Об убийстве трех людей в Потемкинском саду, личность которых следствие выясняет, газета дала информацию на последней странице всего в пять строк. Зато еще через день все газеты вновь вышли с траурными рамками вокруг портретов четырех полицейских, убитых террористами накануне днем около пятого участка (пристава, околоточного и двух рядовых).
Жители Екатеринослава были потрясены: столько убийств за одну неделю. Связывали их в одну цепочку, пытаясь установить причины и цель. Некоторые дошли до того, что поставили вице-губернатора во главе тайной политической организации вроде «Союза русского народа», с которой революционеры решили расправиться.

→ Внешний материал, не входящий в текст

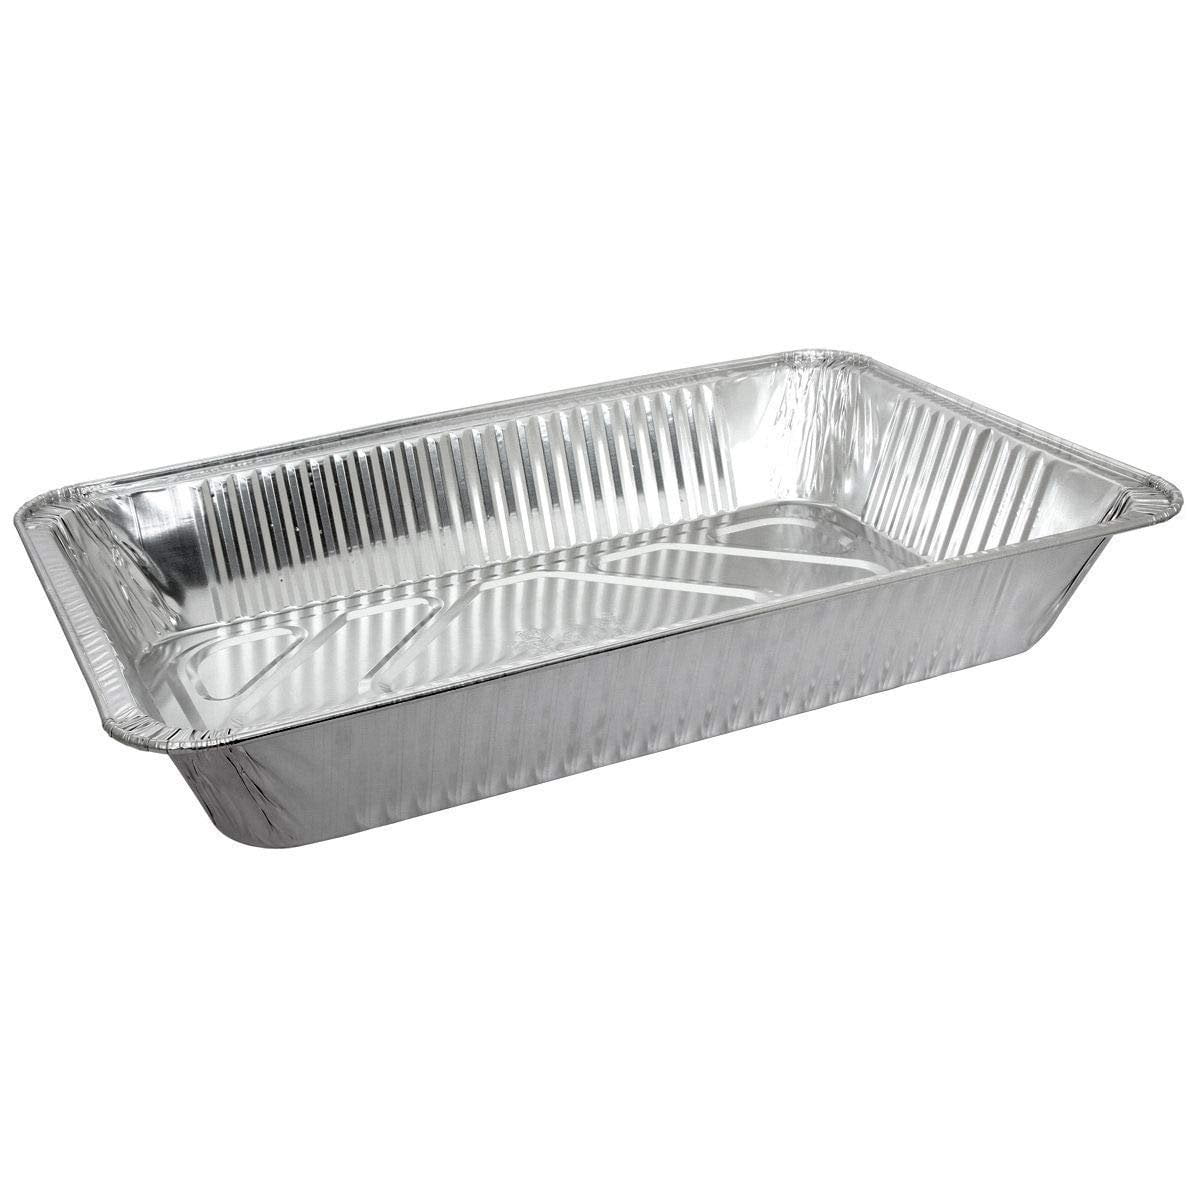 Reynolds Kitchens Heavy Duty Disposable Aluminum Roasting Pans with Li

Убийцу Жолтановского нашли быстро. Им оказался эсер Раппопорт. Допрашивал его сам Богданович. Молодой человек, совсем еще мальчишка: ему едва исполнилось 16 лет, с нежной кожей, не знавшей лезвия, отвечал на все вопросы с наглой усмешкой и был собой доволен. Как большинство эсеров-террористов, он сразу сознался в преступлении, охотно раскрыв его замысел. Оказывается, первоначально он должен был убить депутата Государственной думы Способного, но по какой-то причине не смог этого сделать и тут под руку ему подвернулся вице-губернатор, который тоже был в списке людей, приговоренных к смерти.
– Сколько же в вашем списке людей? – неосмотрительно спросил Богданович.
– После вашей фамилии еще миллион.
– Я бы на вашем месте не шутил, вас ждет виселица.
– Не думаю, – усмехнулся тот, намекая о послаблениях для несовершеннолетних, – впрочем, я готов к этому.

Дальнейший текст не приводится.